22 de novembro de 2007

De noite eu visito o inferno

Choveu tanto, tanto, que todo o lugar começou a encher e transbordar. As pessoas todas entraram dentro da casa, subiram as escadas. Ficaram lá em cima, olhando a chuva dominar tudo, aquele furacão imenso que destruía tudo. Os gambás, com medo, subiam nas arvores tremulas e fracas. Eles eram todos pretos, com aqueles olhos saltados, como homens drogados. Estavam todos loucos. Aquelas caras de emburrados, que iriam matar pessoas e comer urtigas. E os cavalos passavam assim, também como furacões, fazendo a água barrenta sob seus cascos se espalharem como espirros de espíritos furiosos. E o horizonte negro parecia dizer: esse é o ultimo dia. Esse é o ultimo dia. Ultimo dia.

Era então o ultimo dia, e todos bebiam cervejas longas e quentes envolta de mim e tinham os olhares perdidos, zumbidos na cabeça, e mil planos para um amanha sombrio, que poucos sabiam que não existiria. Eu estava irremediavelmente sozinha. Estavam todos loucos, hostis, querendo matar os cavalos.

E os meus pés molhados, eles doíam muito mesmo. Era como se a água tivesse chegado nos meus ossos, e eles houvessem ficado frios e enferrujados. Eu só queria ir pra casa.
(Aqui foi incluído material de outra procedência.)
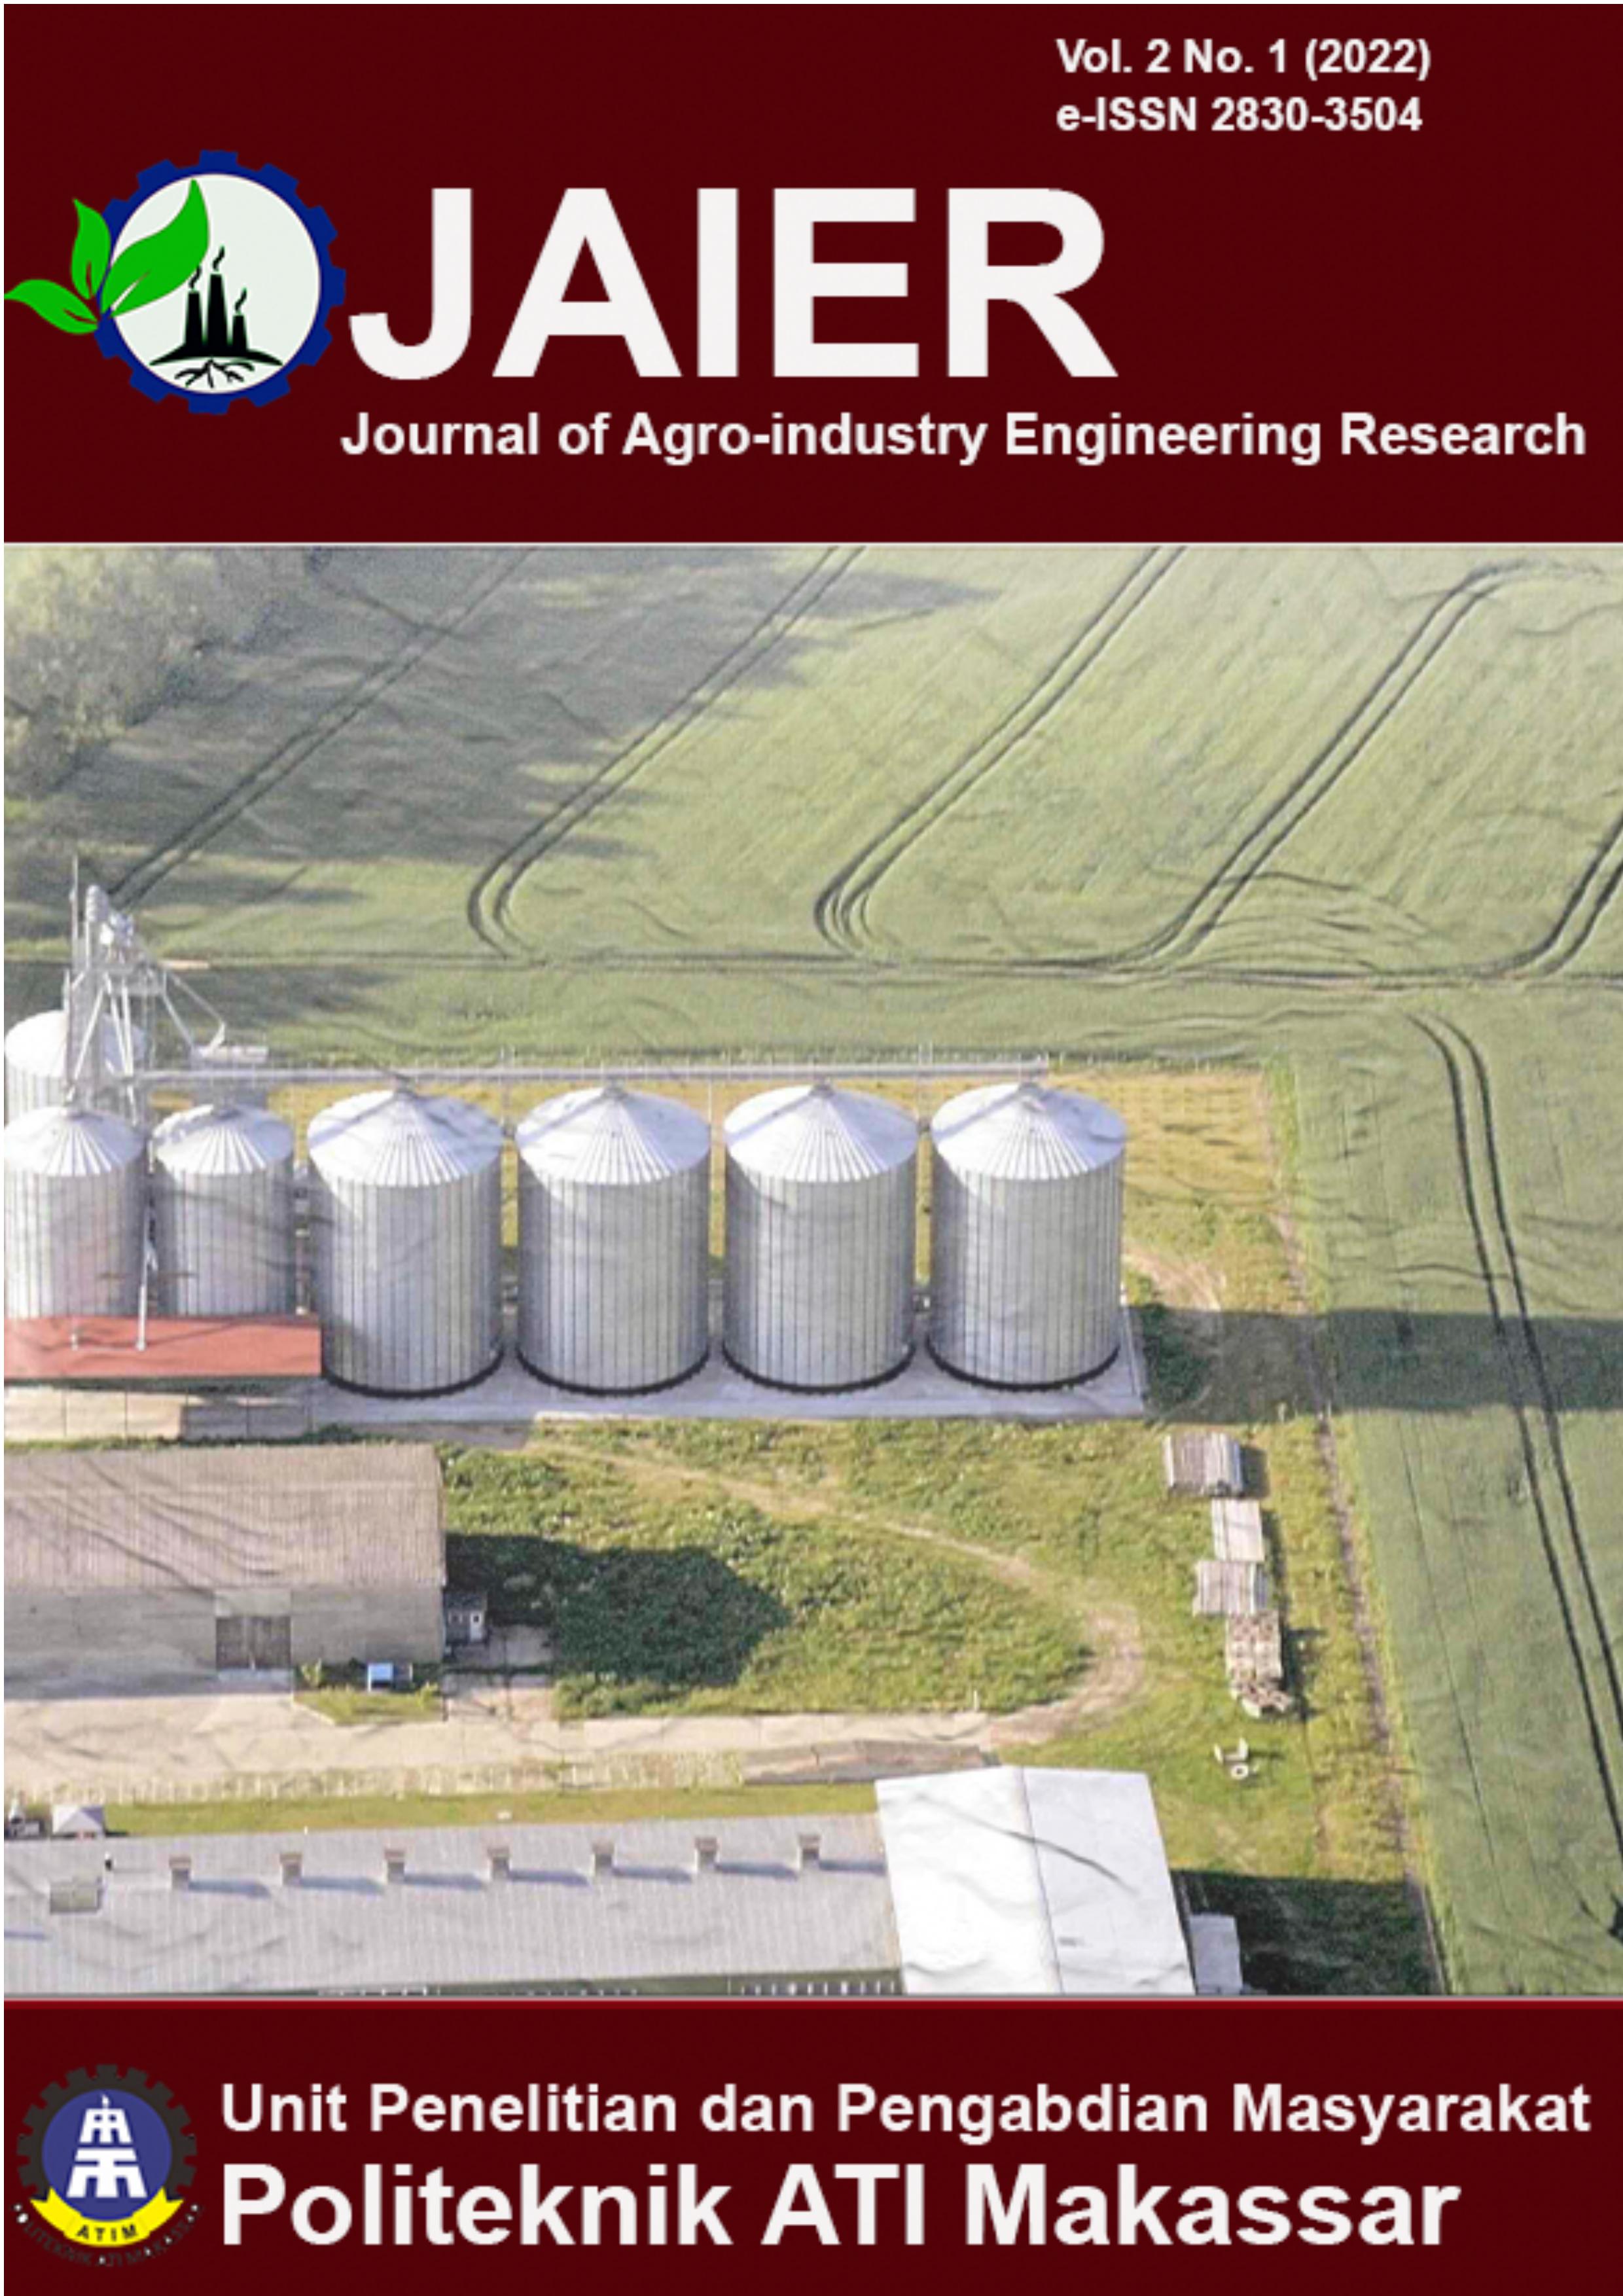 					Lihat Vol 1 No 2 (2022): Vol 1 No 2 (2022): Journal of Agro-Industry Engineering Research

E então quando eu cheguei em casa só tinham espíritos. Meus pais, na mesa da cozinha há tantos anos... as mesmas gargalhadas nervosas, tosses descontroladas, pão com manteiga e cheiro de café velho. E aquela gosma de noite confusa na boca, de leite azedo, um cheiro de manha tediosa, com uma panela de pressão fazendo barulho no fogão.

Eu fui procurar meu irmão mas ele estava de saída pra correr de carro pela lama que a chuva tinha deixado. Ele desceu as escadas e não olhou pra mim;foi embora pra voltar em tempo indeterminado.

E eu vagueei pela casa. Pés úmidos e escorregadios. Um passarinho chato gritava lá fora, passarinho que grita pra dizer que a chuva terminou. Mas não importava. O sol veio amarelo fazendo a água que ainda pingava de tudo brilhar feito diamante. Mas não importava. O sol me fez lembrar uma infância chata, quando eu fingia que ia caçar jacarés e lagartos e levava um cantil verde-mato. E voltava pra casa sabendo que não tinha nem visto jacaré nenhum.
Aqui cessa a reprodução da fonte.